Clayton walked the circle as he felt the Seedpikes hum to the same slow beat, then he pressed his palm to the ground and stirred his Aspect power.

Then, they waited.

Night crept, but the field did not sleep.

Wardens kept on hunting at dusk, and even the Primes preferred the late watch. The temple’s shimmer brightened as true light faded, now a cold lantern that acted as a beacon of light in the darkness.

They climbed to a low vantage point, close enough to see teeth but far enough to have three exits.

Clayton raised his hand.

"Listen," he said. "One more time. If anything, and I mean anything feels wrong, we abort immediately. We flee to Seedpike two, and we wait. We can always try again. We are not heroes, we are thieves."

Torren rolled his neck. "All you have to do is say when"

The others also looked at him, waiting for him to give the signal to move.

Clayton looked at the field where the Thorn Crown Warden lowered its head to claim the basin’s center. The rival Warden circled, annoyed, its hard steps coming faster now.

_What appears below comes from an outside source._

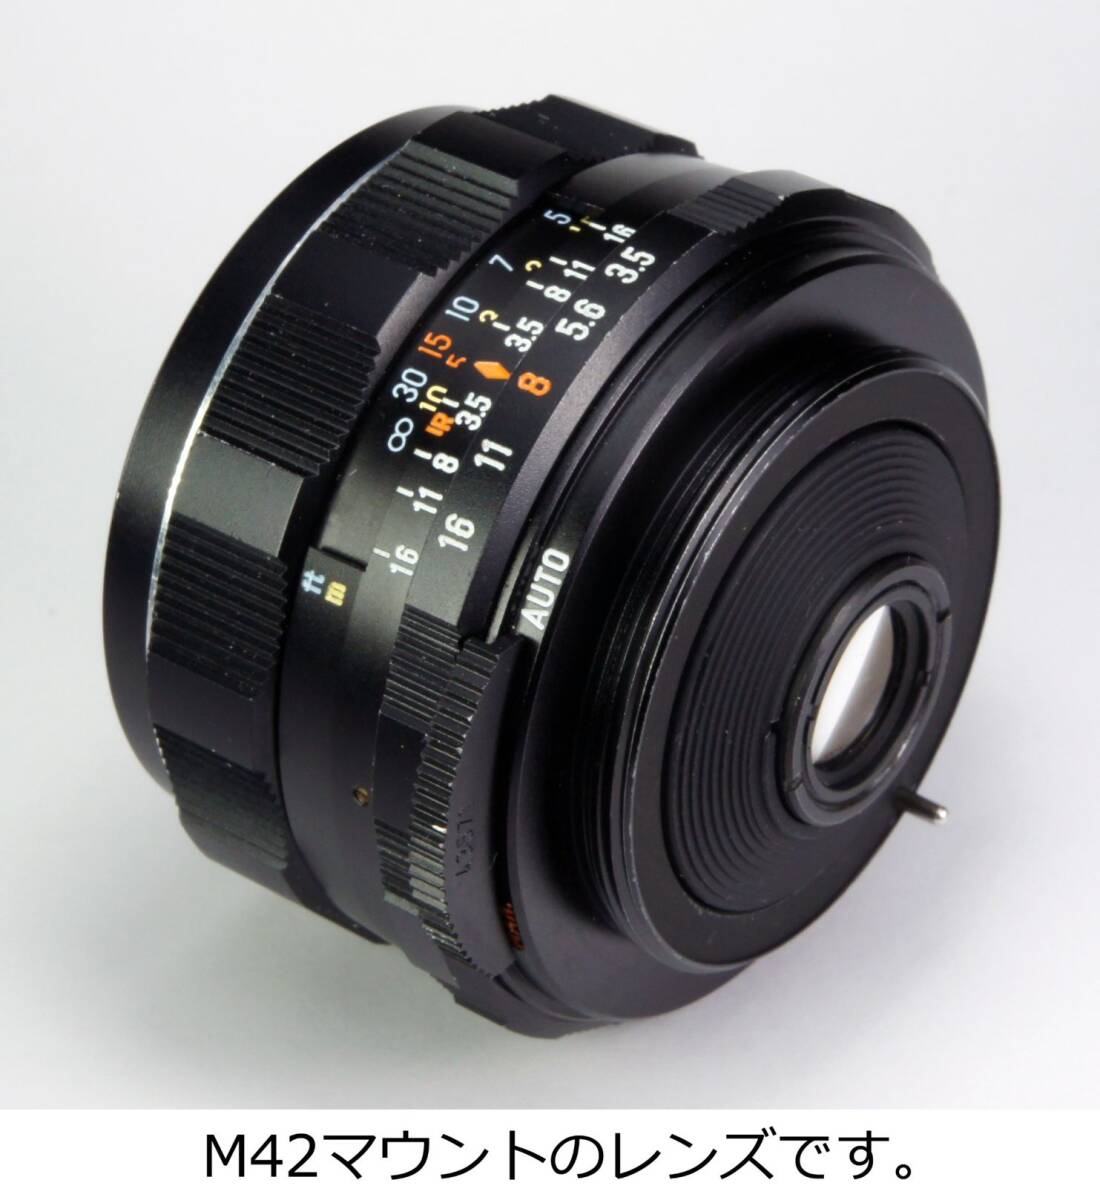 分解整備・実写確認済 Super-Takumar 35mm F3.5 クリアな広角描写を楽しむことができるオールドレンズ【送料410円】_画像6

While in the distance, the Prime’s footfalls lined up with the ridge seam like a countdown.

He lifted his hand, fingers splayed.

"On three," he said softly. "Do your jobs".

Without looking at them, he reminded. "Veyra, let your arrows sing. Torren, let your fire hum. Kaelin, rattle the cages. Harrick, trip the knee. Soren, hold the gap, and Mira, be our anchor and breathe for all of us."

He drew in air as the temple’s ring pulsed like a heartbeat across the plain. He could feel the tension now, then...

"One," Clayton said.

He felt the field lean.

"Two."

The Prime’s stride hit the mark.

"Three!"

WHOOSH!

Veyra’s first arrow whispered like a Thorn Crown and bit the Warden’s cheek, and the basin woke.

The basin woke, and all hell broke loose!